Stock Market Today: China Troubles?; Double-Double Upgrade

Stock Market

On Friday, stocks exploded higher, erasing any doubt about its current trajectory. Of course, it helps that the market was reacting to a robust jobs report for the prior month. It was not as rosy of a session in the stock market today, with the SPDR S&P 500 ETF (NYSEARCA:SPY) shedding 0.31% on Monday.

Just because the markets didn’t go up though, doesn’t mean it was a disaster. Instead, investors were simply working off Friday’s big gain, while at the same time growing more cautious around China.

That much is evident by the rise in the CBOE Volatility Index (VIX) on Monday. While the SPY fell just 31 basis points, the VIX erupted 15% on the day. That says something.
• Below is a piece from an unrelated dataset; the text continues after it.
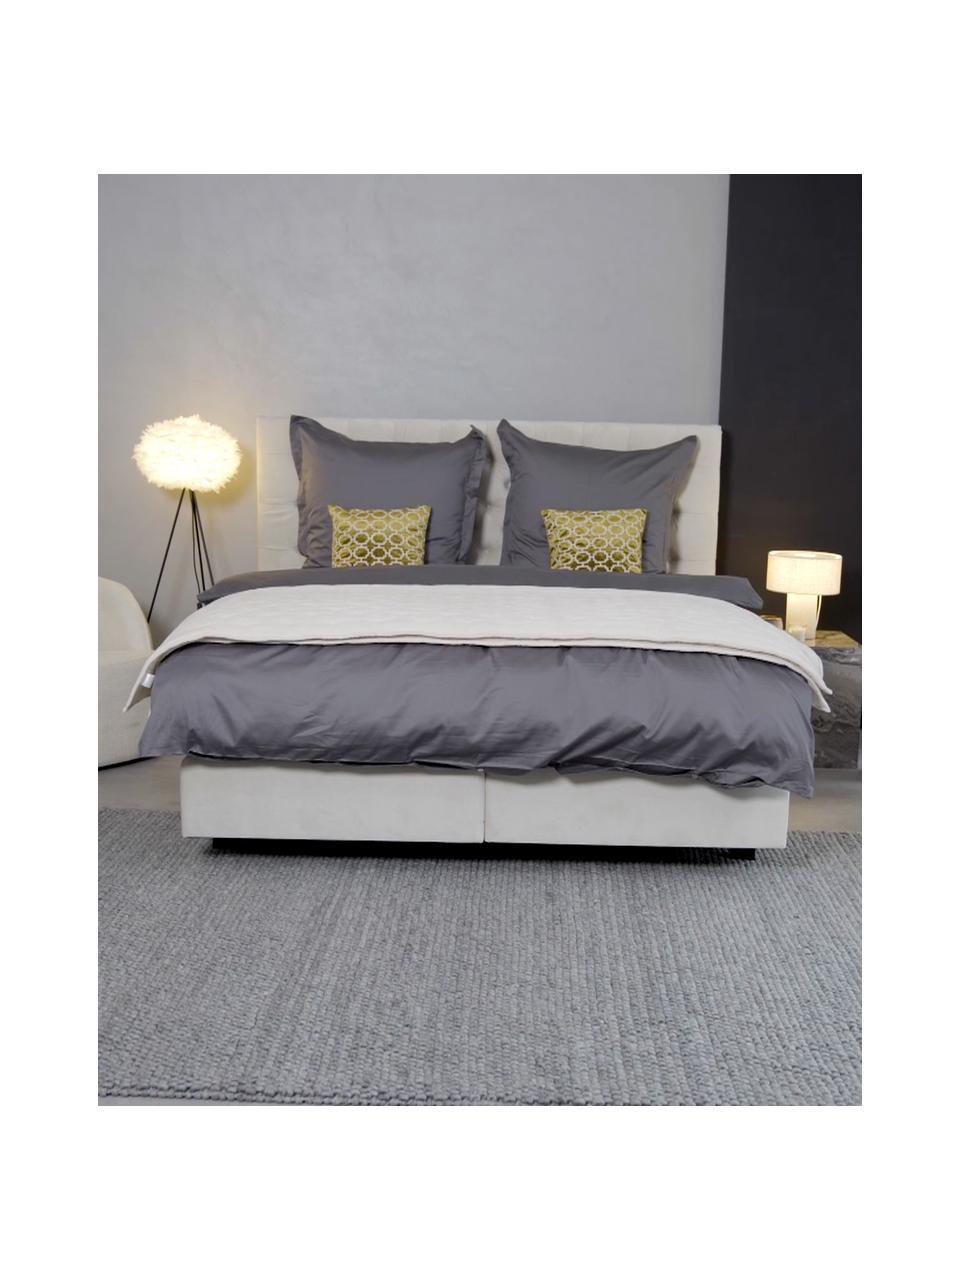 Łóżko kontynentalne z aksamitu premium Phoebe, Nogi: lite drewno brzozowe, lak, Aksamitny beżowy, 140 x 200 cm

Dec. 15 is just six days away, but it’s a significant day in many investors’ mind. It’s when the U.S. may or may not implement further tariffs against China, given that phase one of the current trade agreement still hasn’t been signed.
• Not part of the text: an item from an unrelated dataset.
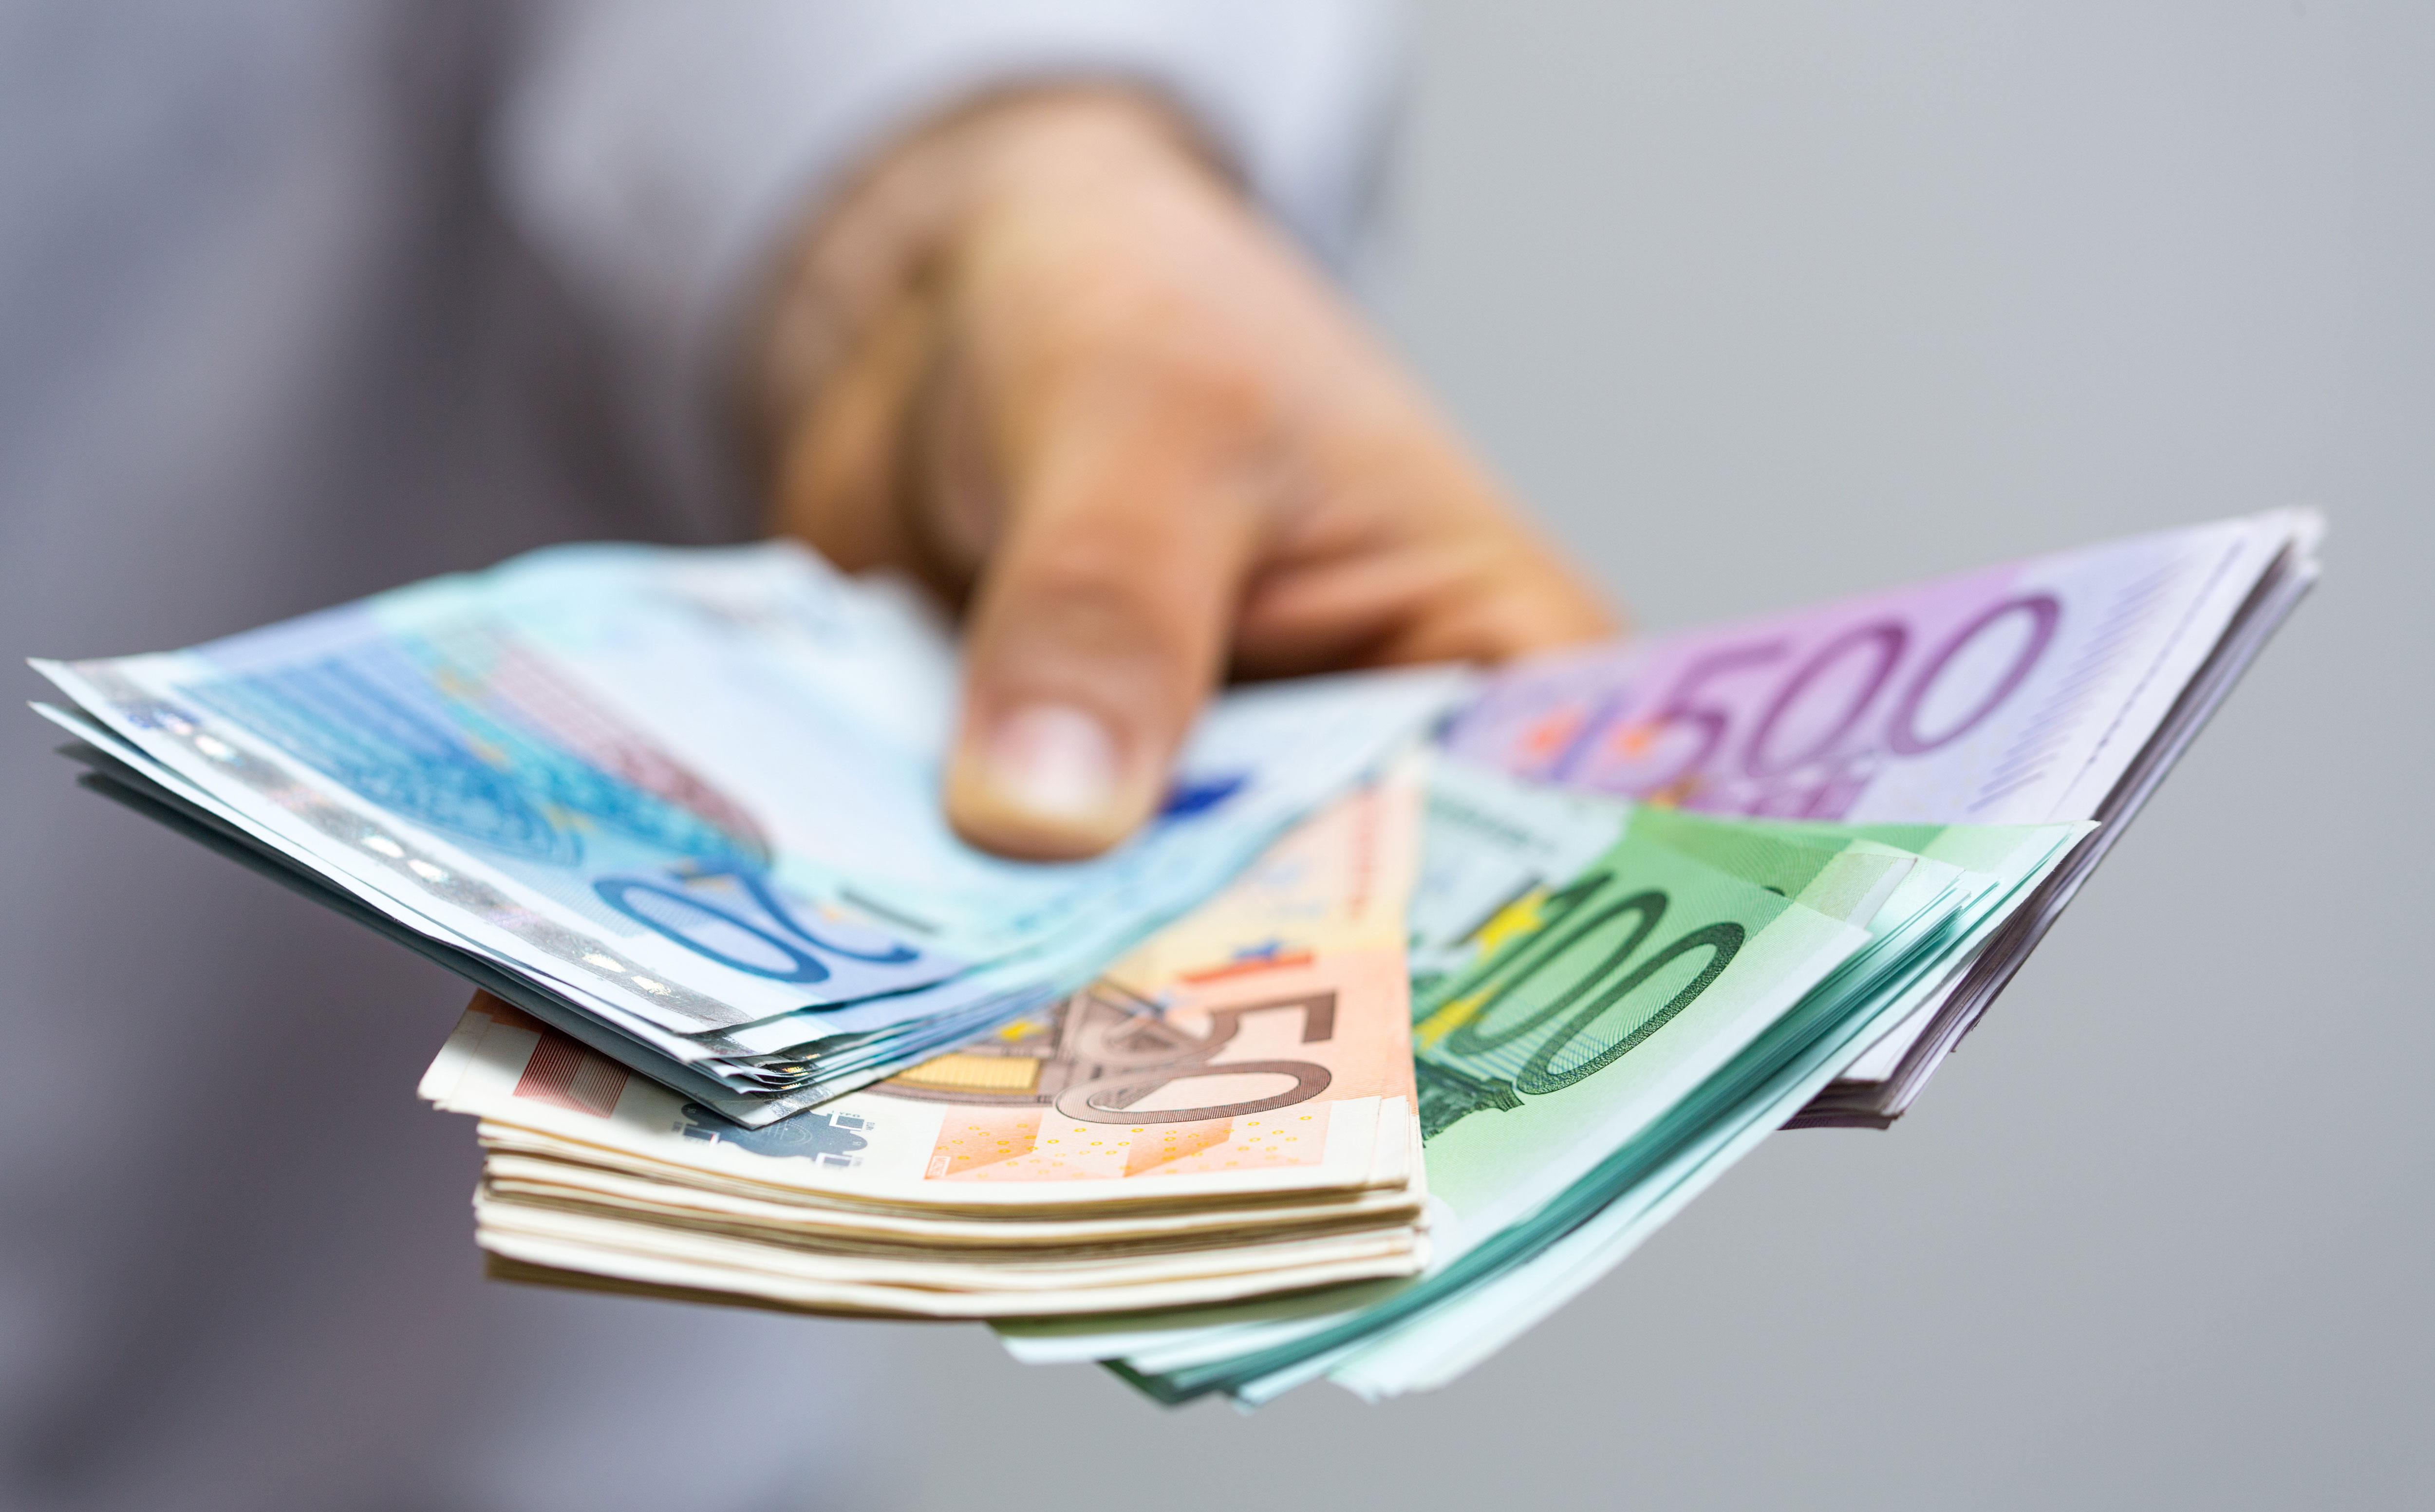 Relation à l'argent

It’s pretty simple stuff, really. Either sign the deal or risk further escalation. Of course, there are endless trade-related headlines pouring out of news outlets, unnamed sources, the White House and even President Donald Trump himself.
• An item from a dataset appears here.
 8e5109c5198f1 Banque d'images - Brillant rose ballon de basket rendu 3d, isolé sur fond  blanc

Should the U.S. elect to raise tariffs, it could have ramifications on Wall Street as well. Given that possibility, it’s no wonder the VIX is rallying.

Over the weekend, some news of out China began to rock the boat a bit and could have implications for major U.S. companies such as Dell (NYSE:DELL), Microsoft (NASDAQ:MSFT) and HP (NYSE:HPQ).

China is ordering all state offices to remove foreign software and hardware within the next three years with hopes to increase domestic industry. It’s estimated that Beijing will to replace up to 20 million government agency computers with domestic products throughout these next three years, with the hope being that China won’t have to rely on foreign tech.

Movers in the Stock Market Today

Disney (NYSE:DIS) is on a roll, hitting $10 billion in the global box office for 2019. The achievement was notched this weekend after Frozen 2 pulled in another $125 million. Plus, Disney’s still expected to gross another $500 million before the end of 2019 with the anticipated Star Wars release.

As for record, Disney already holds that too. In July, Disney broke the previous record of $7.6 billion back in 2016.

Morgan Stanley (NYSE:MS) will reportedly ax about 2% of its workforce, mostly in tech and operations. 2% of its workforce won’t necessarily rock the unemployment office. But the company’s catalyst could be a reflection of both Wall Street and other firms worldwide. The uncertain global outlook is the company’s reasoning.

It’s one more thing that, potentially, could be cleared up with a trade war agreement.

Earlier this year, Microsoft won the JEDI contract with the Pentagon, which is expected to span 10 years. Amazon (NASDAQ:AMZN) continues to dispute the Pentagon’s choice to select MSFT for the role. The company believes it lost the decision because of its political standing with the White House.

The contract is expected to be valued at around $10 billion over that time frame, and while that’s not necessarily a game-changer for Microsoft and its $1 trillion market capitalization, some analysts believe it could act as a catalyst for a positive ripple effect down the road.

Heard on the Street

Morgan Stanley initiated Virgin Galactic (NYSE:SPCE) with a new “overweight” rating and slapped a $22 price target on the stock. Shares erupted almost 16% on the day in response.

Goldman Sachs cut Macy’s (NYSE:M) to “sell” with a $12 price target. From Friday’s close, the target implied about 20% downside. Although shares opened lower on the day, they ended higher by about 2%. How about that action?

HSBC put a price target of $40 on (NASDAQ:JD) to go along with their new “buy” rating.

Bank of America/Merrill Lynch came out with a double-double upgrade. It might sound like an order at In-N-Out, but instead of burgers, these analysts are bullish on chips.

They upgraded Skyworks Solutions (NASDAQ:SWKS) and Qorvo (NASDAQ:QRVO) to “buy” from “underperform.” For SWKS, they bumped their price target to $122 from $92 and for QRVO, they went to $130 from $80.

Why such a big upgrade and significant boost their price targets? The analyst is bullish on 5G adoption, which could drive significant growth for component companies like SWKS and QRVO.